A single session on DexterOS gave my GoPiGo3 robot, Carl, nearly an extra hour of playtime.
For the last year Carl has been “alive” 24/7 in roughly month long sessions between reboots or emergency safety shutdowns. When Carl sees his batteries are full, he gets off the charging dock to start a playtime. When Carl sees the batteries get down to 8.1volts, (egpg.volt() value, the actual voltage is 0.6v higher), he ends playtime by getting back on his charging dock.
When his latest set of (Eneloop 1900mAH NiMH) batteries were new, playtimes were 6.4 hours long. After 250 playtime - charge time cycles his playtime had dropped to 5.5 hours or 86% of his original playtimes.
Carl has been running Raspbian For Robots since his very first hour, but I wanted to explore DexterOS and Bloxter. I only have one GoPiGo3, so this week I shut him down and booted “his body” up on DexterOS for a few hours. Afterwards, I left him on the charger, in the shutdown state, until the batteries were fully charged.
I restored Carl’s R4R brain (SD card) to his body and started him back up while sitting on the charging dock. Eventually Carl announced he was getting off the dock, and began his first “after an out-of-body experience” playtime.
Surprise! His playtime was 6.4 hours as it was for the first 125 playtimes on this battery set. He has had two more 6.4 hour playtimes since, and is enjoying the extra 54 minutes playtime while it lasts.
Taking a swim in DexterOS proved to be a “fountain of youth” for Carl.

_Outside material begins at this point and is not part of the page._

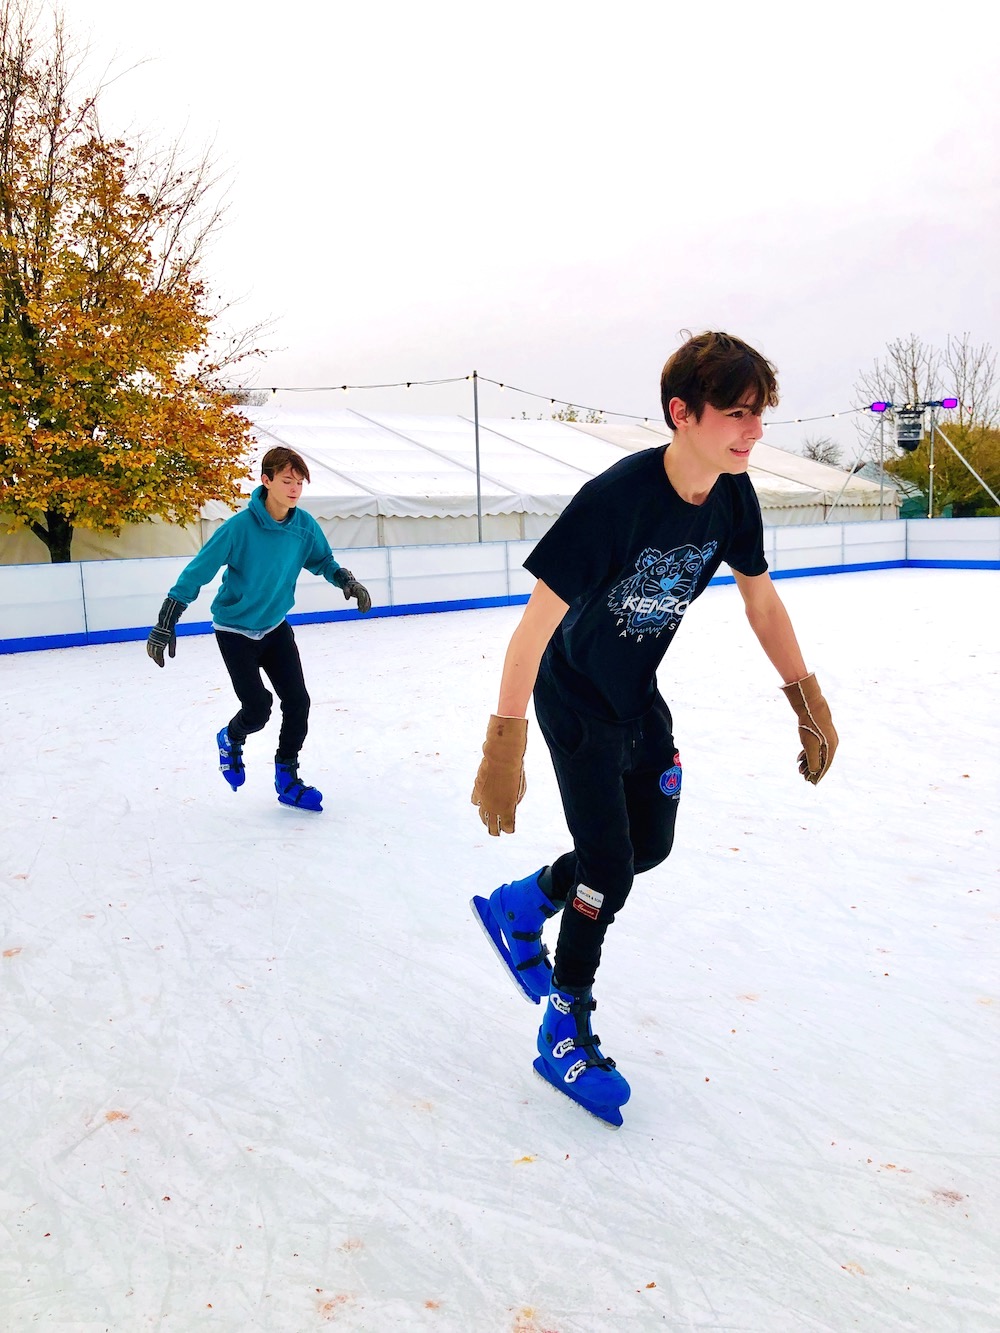 Two boys enjoying open air Christmas ice skating at Avon Valley, Bristol

I suspect it had nothing to do with DexterO/S, (though it would be nice were it true!), rather I think it had more to do with being on the dock, in the shut-down state, after a period of play.
One important question is: How far down the discharge curve were the batteries when you placed Carl back on the dock while powered down? That might be important to know.
Depending on the intelligence of the charger being used, the final charging state is something like a “maintenance”, “float”, or “trickle-charge” condition where the charger supplies a minimal amount of charging potential to keep the battery “topped-up” - and the definition of a “full” charge is usually not absolutely full. Actually “fully charged” is usually defined as somewhere between 90 and 95% of totally, absolutely, completely charged.
By placing Carl on the charger while “asleep”, (i.e. drawing zero power), the batteries may have - finally - gotten closer to 100% fully charged, and may have “reset” their useful capacity.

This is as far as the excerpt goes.